What started in June as a series of peaceful demonstrations against Beijing’s growing exertion of its rule over Hong Kong has devolved into escalated violence between protestors and the territory’s police force.
The chants in favour of democracy and opposition to the Chinese Communist Party have now been replaced by violent confrontations, culminating with the police shooting and killing an unarmed protestor at point blank range on Monday.
The protestors’ core five demands, known as “Five Demands and Not One Less”, have remained the same since the protests began. But, until now, only one of them has been met – the withdrawal of an extradition bill which would have allowed criminal suspects to be sent to China for trial. The other four include the establishment of an independent commission to investigate allegations of police brutality and misconduct; the retraction of riot charges against arrested and detained protestors; and the implementation of full democratic rights for all citizens.
In other words, the citizens of Hong Kong are demanding less of Beijing’s rule and influence and more democracy. While there’s little doubt a great many of the territory’s citizens and residents have grown tired of disruptions caused by the protests – with some questioning the means and methods deployed by some of the protestors – it is also true that an overwhelming majority of the island is grateful that these protests resulted in the withdrawal of the extradition bill.
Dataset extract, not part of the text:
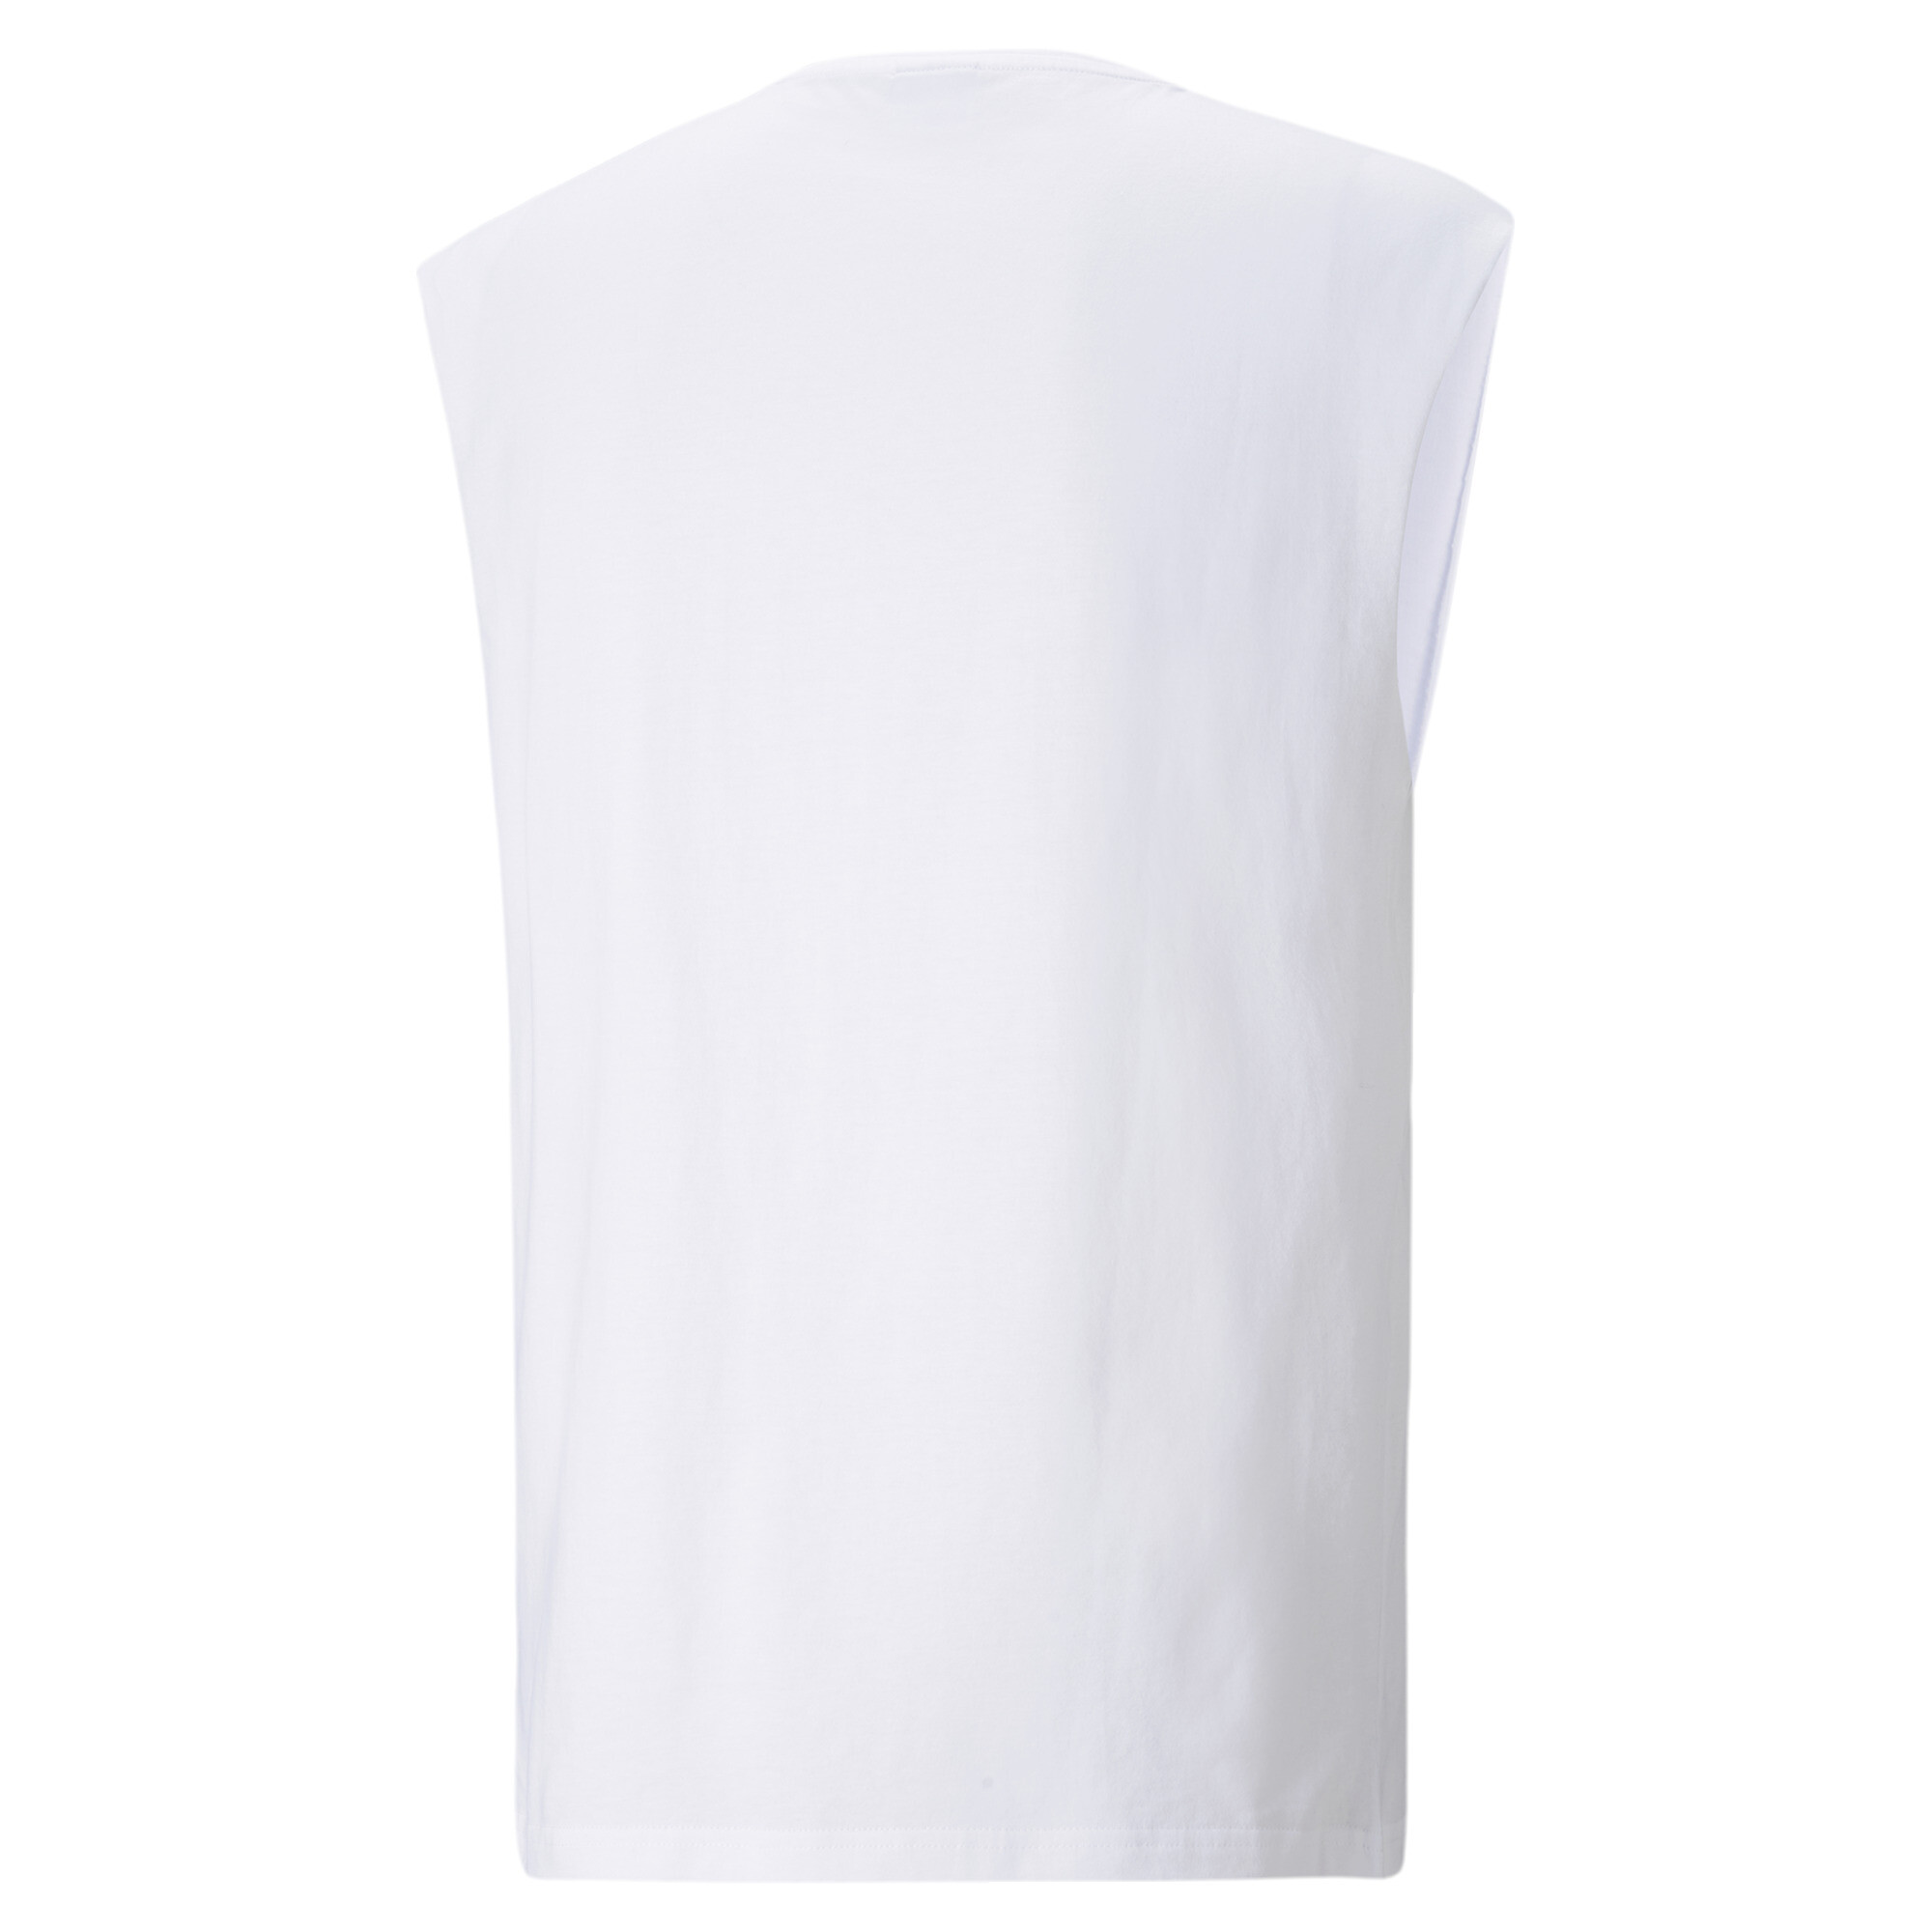 Men's Puma Statement Sleeveless's T-Shirt, White, Size M, Clothing

There’s also no denying that these pro-democracy and anti-Beijing protestors rightfully and understandably believe that they are fighting for their lives and the future of their families. In almost every conversation I’ve had with those attaching themselves to the Anti Extradition Bill movement, the words “Xinjiang” and “Tibet” have come up.
In particular, Xinjiang’s Muslim concentration camps loom large in the minds of those who live within touching distance of China.
In a revelatory article for The Atlantic, Zeynep Tufekci shared a summary of conversations he held with protestors on the streets of Hong Kong this week. “They talked about Xinjiang and what China had done to the Uighur minority,” he wrote. “I’ve heard about the fate of the Uighurs from so many protestors over the months. China many have wanted to make an example out of the region, but the lesson Hong Kongers took was in the other direction – resist with all your might, because if you lose once, there will be a catastrophe for your people, and the world will ignore it.”
Protestors in Hong Kong have also familiarised themselves with recent revelations regarding the depraved level of mass rape, torture, executions and other forms of physical and psychological abuse meted out by Chinese authorities to the Uighur minority in an systematic effort to eliminate their culture and indoctrinate them into vigorously adhering to the Communist Party’s ideology.
When the Washington Post published a Uighur woman’s harrowing ordeal in a Chinese concentration camp last month, it went viral in Hong Kong, particularly among the protestors. It told of how 2,500 prisoners, ranging in age from 13 to 84, were subjected to the brutality of the Chinese state. “They would punish inmates for everything,” Sayragul Sauytbay told an interpreter. “Anyone who didn’t follow the rules was punished. Those who didn’t learn Chinese properly or who didn’t sing the songs was also punished.”
Her accounts regarding the pack rape of both men and women not only drew attention in Hong Kong, but also globally. She told Haaretz: “While they were raping her they checked to see how we were reacting. People who turned their head or closed their eyes, and those who looked angry or shocked, were taken away and we never saw them again.”
Uighur activists have now documented nearly 500 Muslim concentration camps in Xinjiang, with Randall Schriver, the top Pentagon official for Asia, estimating that the total number of detainees is “likely closer to three million citizens” or roughly 25% of the total Uighur population.
“If we lose, Hong Kong will become Xinjiang,” Jackool, a 30 year-old theatre technician and protestor, told AFP in September.
There’s little doubt that if, or when, Beijing sinks the full weight of its gigantic force into Hong Kong, the present reality of Muslims in Xinjiang is the future that awaits pro-democracy activists on the island territory.
The Chinese Communist Party views Islam as a cancer that has the potential to threaten or disrupt its economic imperatives in the north-west of the country, which is also how Beijing views democracy in Hong Kong – an ideological threat that has to be eliminated at some point or another.
Xiao Qiang, director of the Counter-Power Lab at the University of California at Berkeley’s School of Information, has said that the party views Xinjiang as its “frontline” testing ground for data-driven surveillance measures, which allow authorities to track the every movement of every Uighur every second of the day via GPS tracking devices, facial recognition cameras and DNA databases.
“China’s goal is to use these technologies to suppress dissent and to predict and snuff out any challenge to the ruling Communist Party’s grip on power,” observes The Washington Post.
While it’s patently obvious that protestors in Hong Kong are immediately focused on pressuring the Government into implementing democratic reforms, there is also little doubt of the mobilising affect China’s Muslim concentration camps are having on the territory’s eight million citizens.